WORK REQUEST: The result should hold only the lines from the one with "For a player" through the final line of the data below, transcribed exactly, pictures left out.

THE DATA:
########
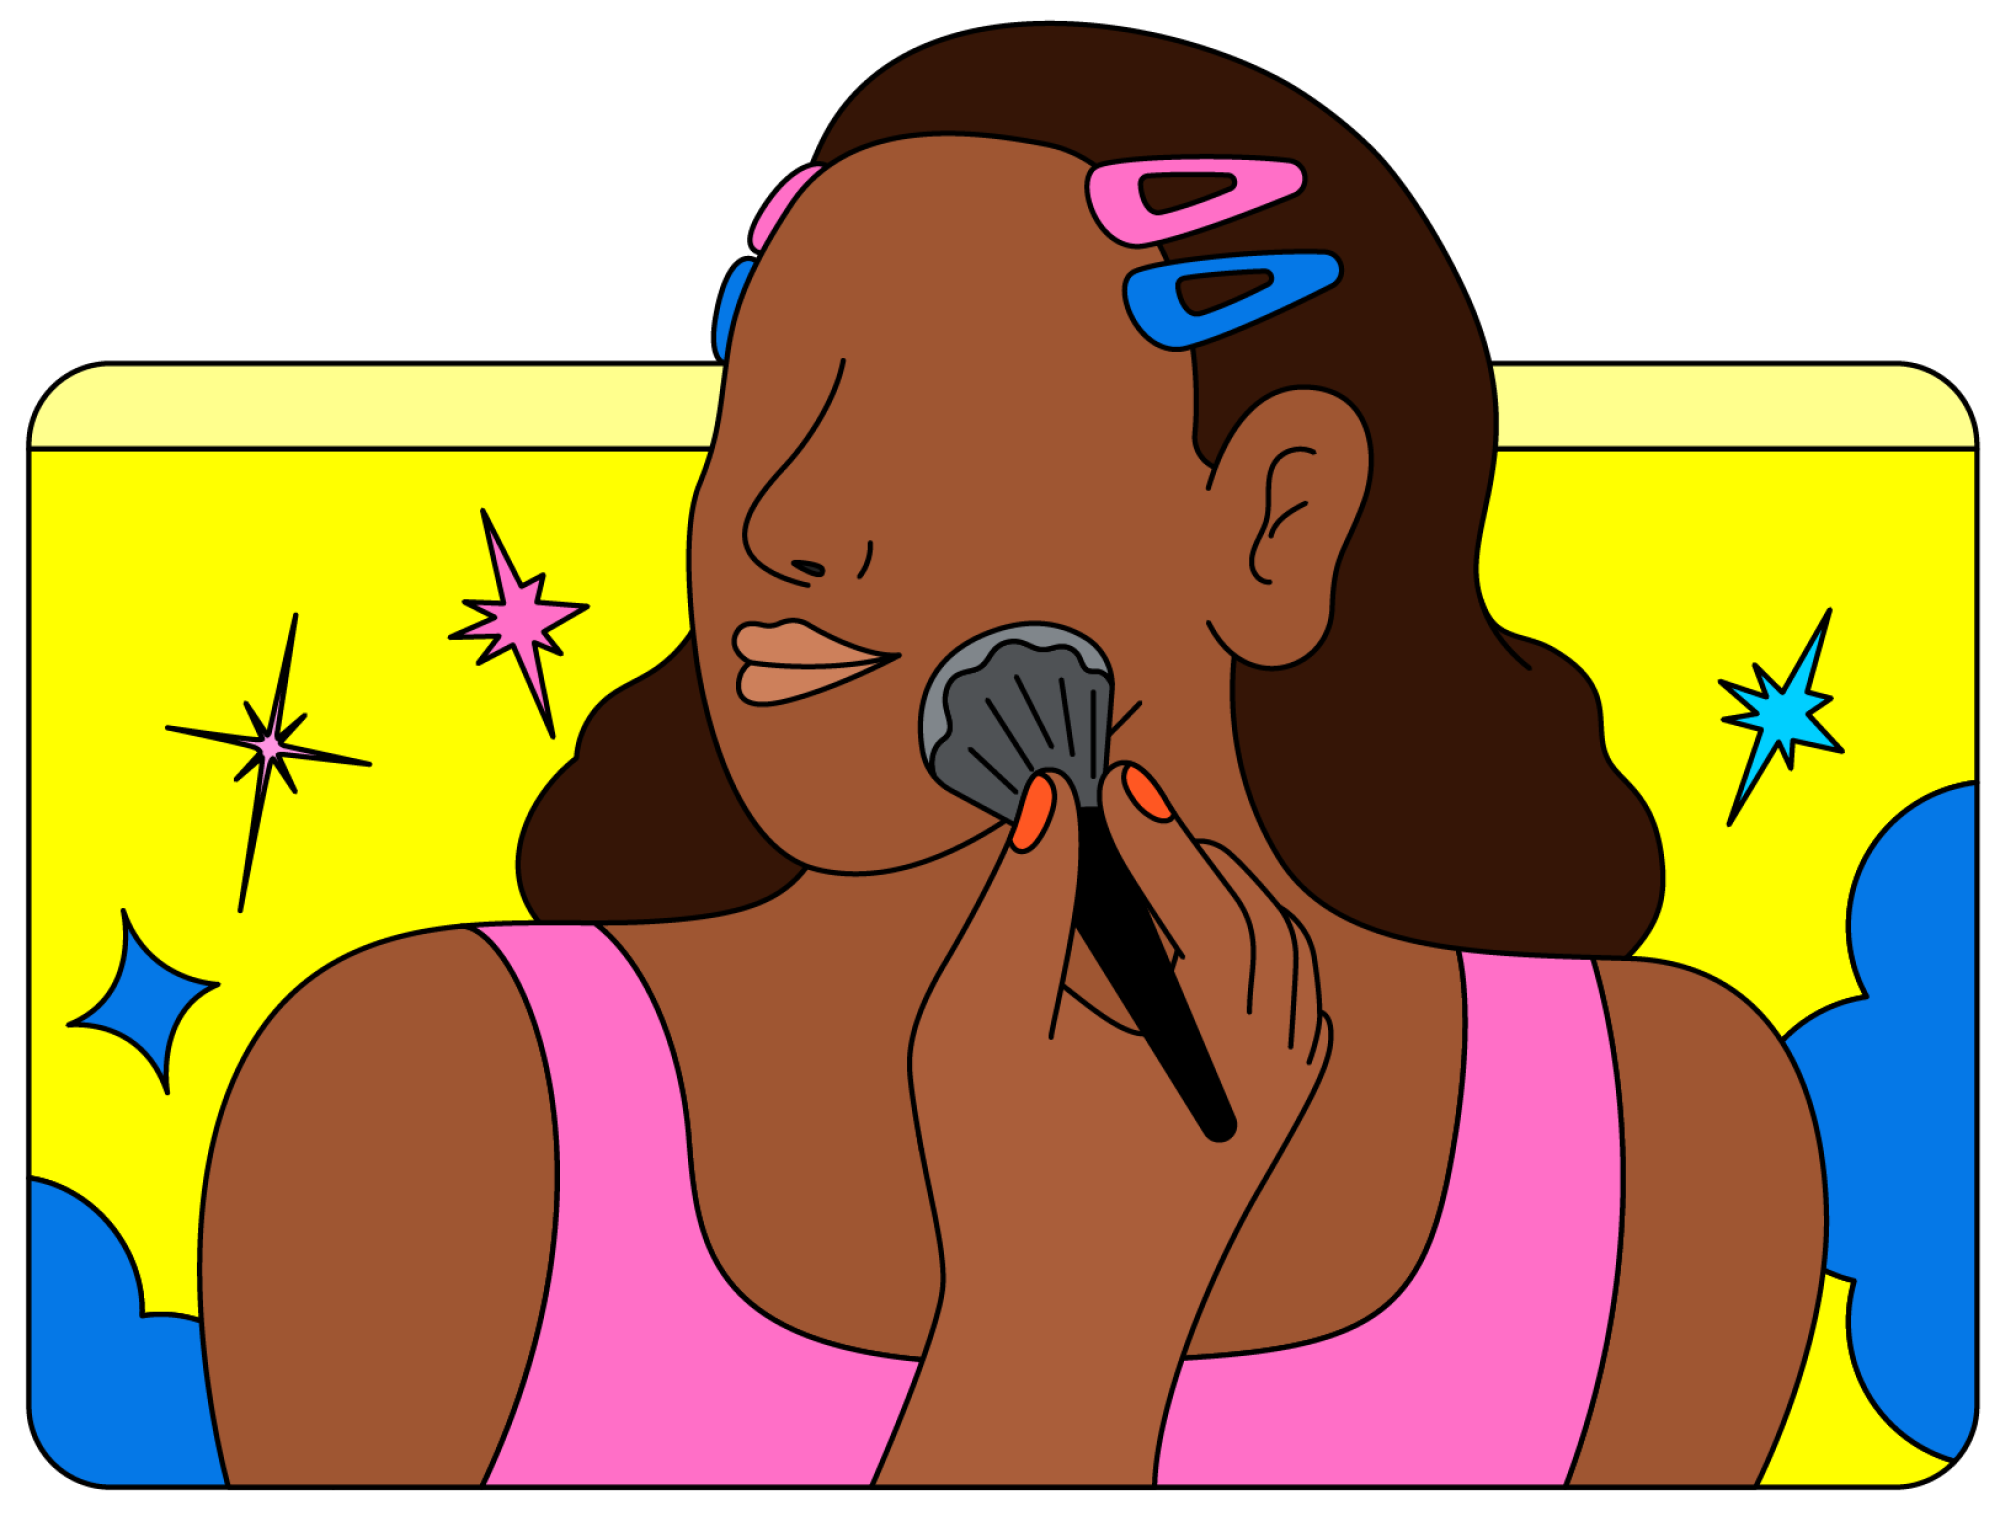 Illustration of a YouTuber doing a makeup tutorial
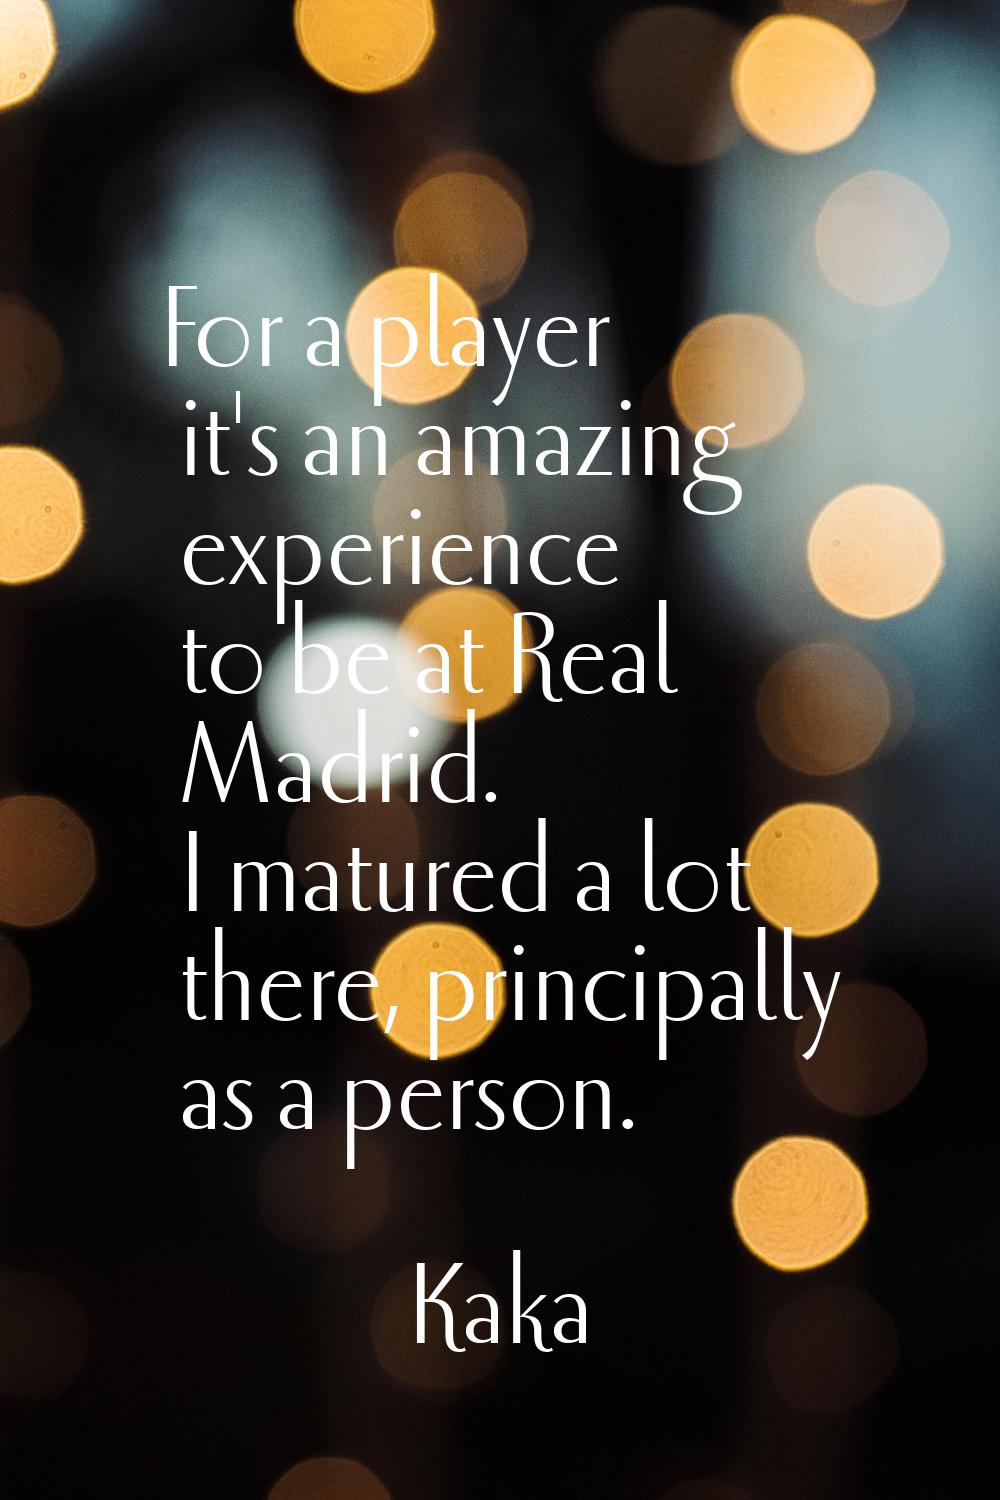 For a player it's an amazing experience to be at Real Madrid. I matured a lot there, principally as
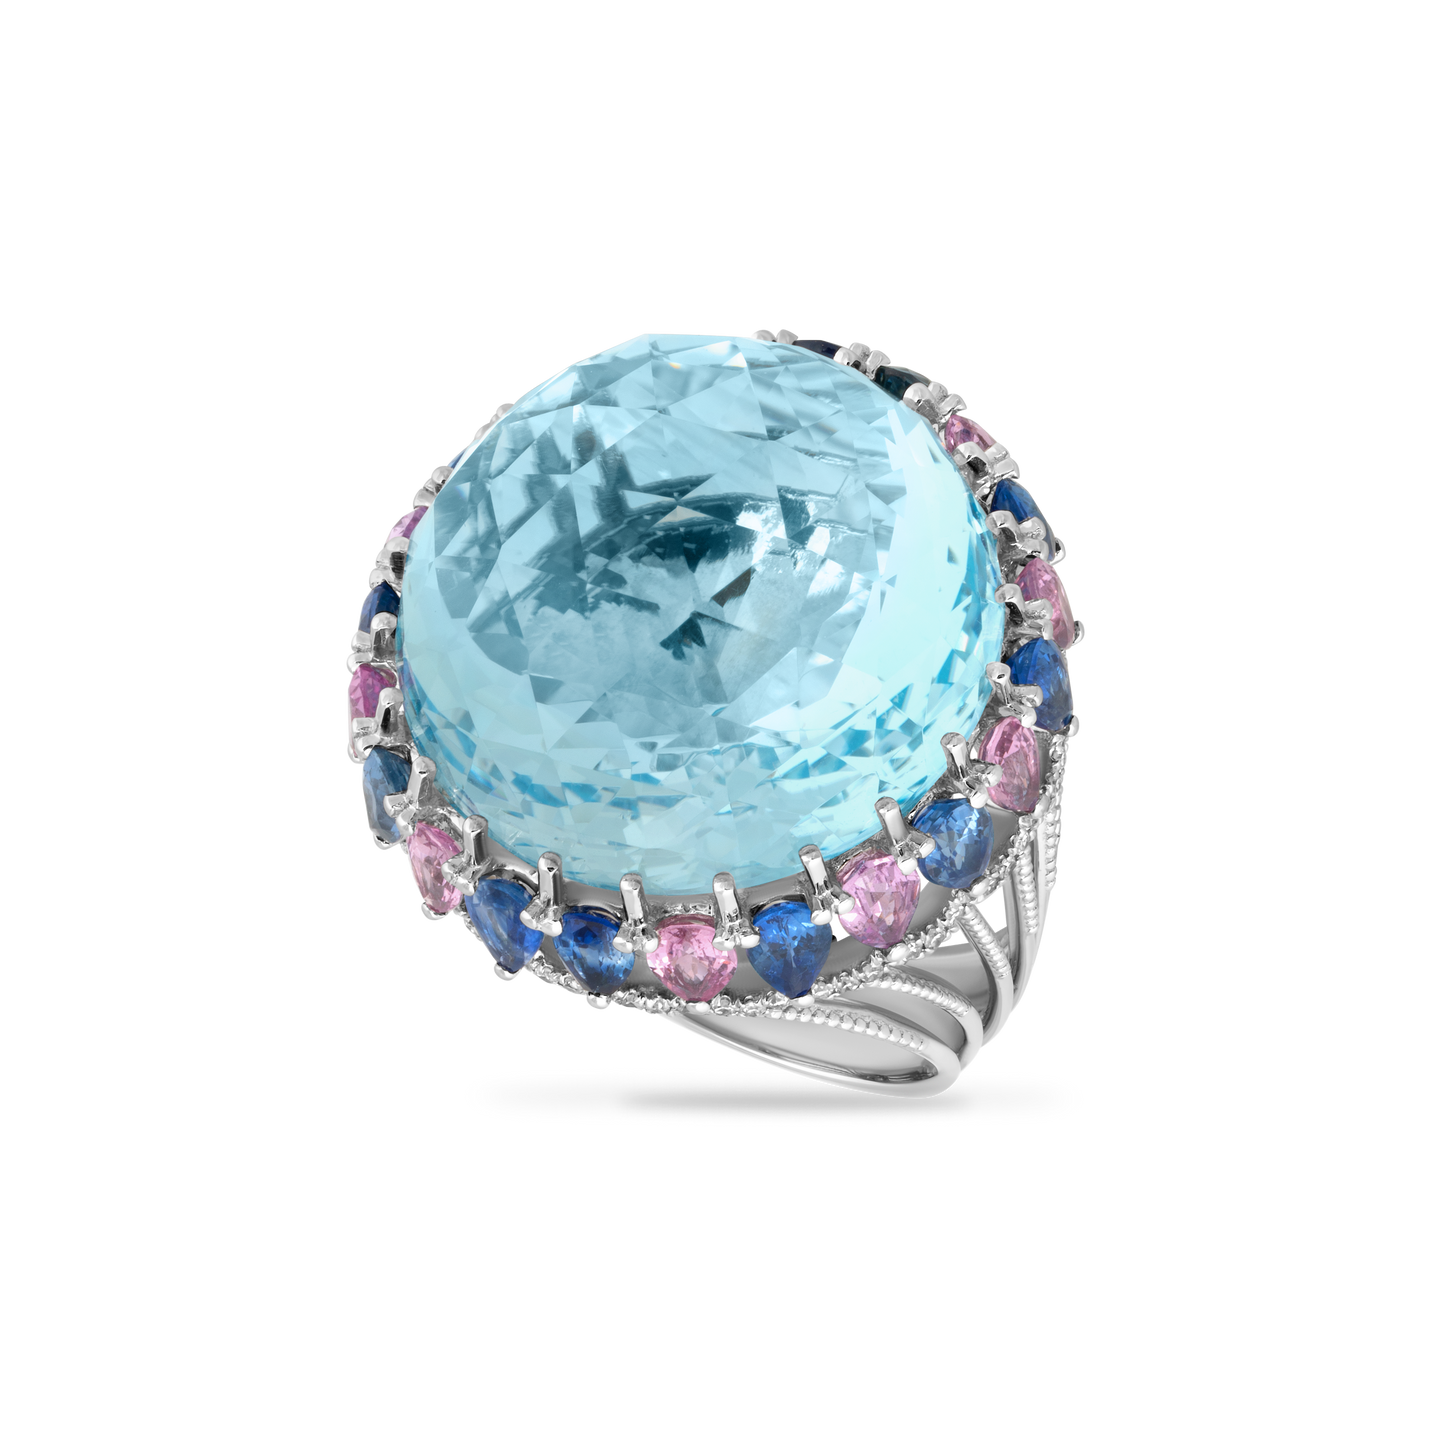 14K RING WITH 88 DIAMONDS 0.25CT, 10 PINK SAPPHIRES 1.90CT, 1 BLUE TOPAZ 46.32CT AND 12 FANCY SAPPHIRES 2.53CT
########
SOLUTION FOR THIS EXERCISE:
 For a player it's an amazing experience to be at Real Madrid. I matured a lot there, principally as
 14K RING WITH 88 DIAMONDS 0.25CT, 10 PINK SAPPHIRES 1.90CT, 1 BLUE TOPAZ 46.32CT AND 12 FANCY SAPPHIRES 2.53CT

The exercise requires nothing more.